Ownership of real estate property triggers the requirement for probate. However, sometimes the deceased did not own property but had financial accounts with multiple institutions. This can result in hefty sums being handed to individuals who have no formal authority to manage the estate.

SFE in particular have raised concerns about this matter. The worrying implications extend even beyond the financial impact on the DWP, given that the practice reduces transparency and legal oversight in a way that may facilitate fraud and could be considered prejudicial to law enforcement.

Bearing in mind the substantial sums involved, there is also a risk that individuals could abuse this process to avoid paying inheritance tax. The practice may therefore be problematic for HM Revenue and Customs.

Our view

At Anglia Research we believe that matters relating to death and associated finances should be managed with the utmost transparency, accountability and due process, and that the probate court system should be utilised by professionals or personal applicants for all but minor values.

We also consider that the public purse can sorely afford for estates to be hidden from view when there is a possibility of recovering DWP overpayments.

For these reasons, we feel that financial bodies and other institutions should adhere to a lower, specific, standard limit, above which they will not freely issue funds. In the absence of any other clearly defined figure, we recommend that this should be set at the £5,000 threshold for Small Estates as stated in the Act.

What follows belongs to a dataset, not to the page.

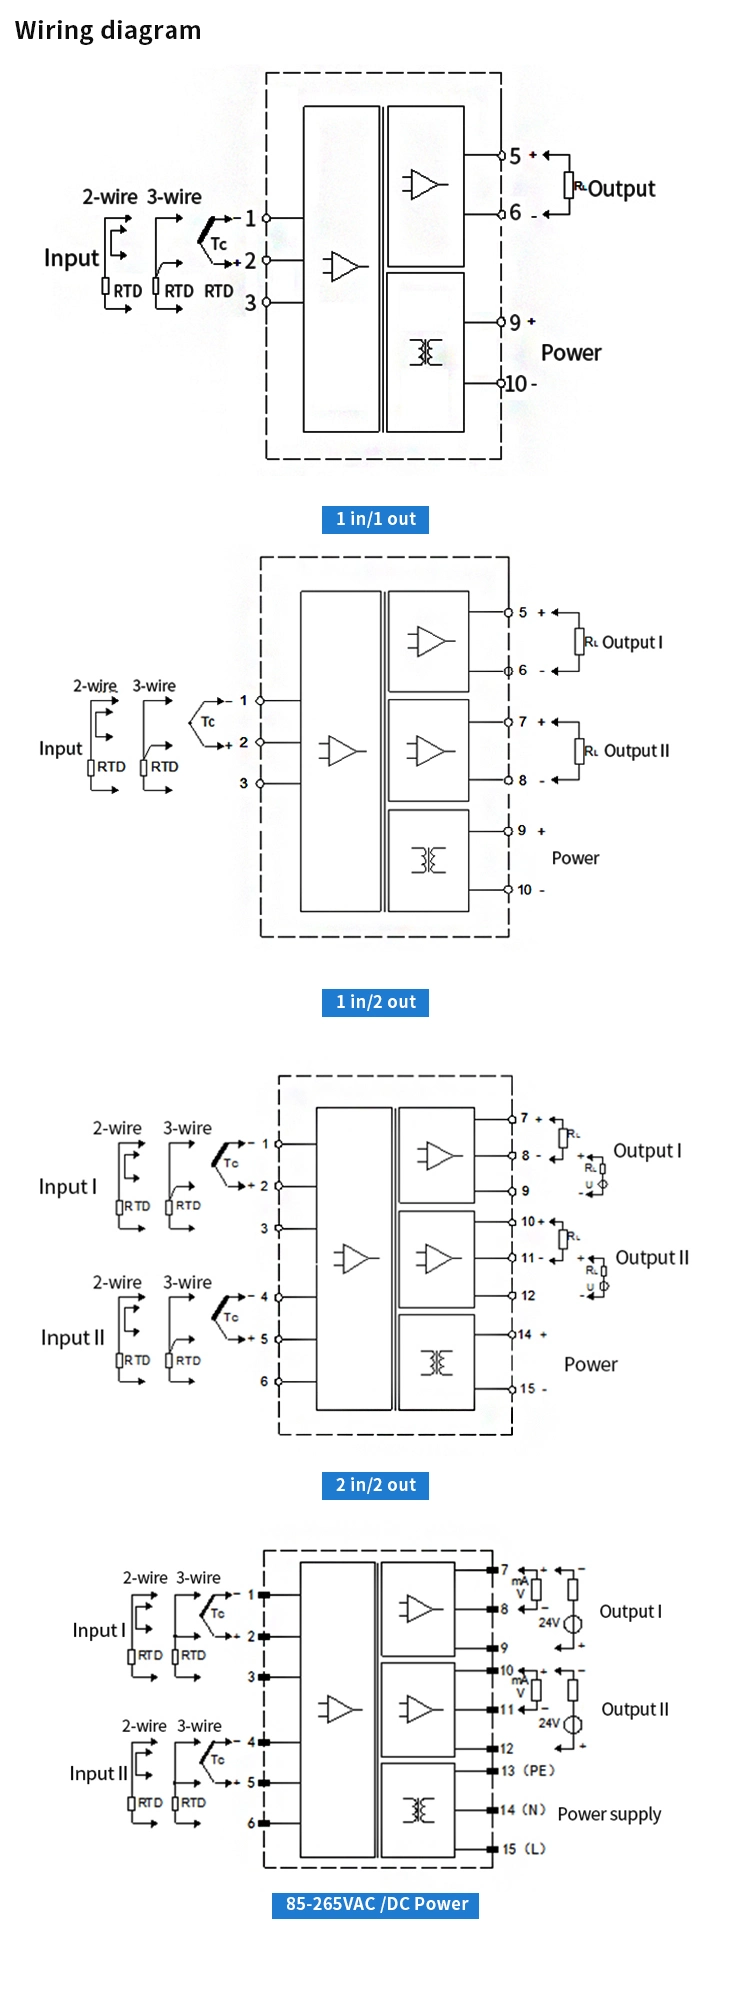 Loop Isolator Current Temperature Isolator Temperature Signal Converter PT100 to 4-20mA

We would also welcome government guidance, or indeed legislation, to improve consistency in this area. This could help prevent the complications that can arise when estates are administered without the authority of a Grant of Probate.


The DWP’s attention has been drawn to the likelihood that Estates are concealed from them due to this loophole in the probate system. Unfortunately, they declined to comment on the matter.

The DWP was also asked to confirm that the strict application of a £5,000 small estate threshold for probate purposes would be of benefit to the public purse. Again, they declined to comment.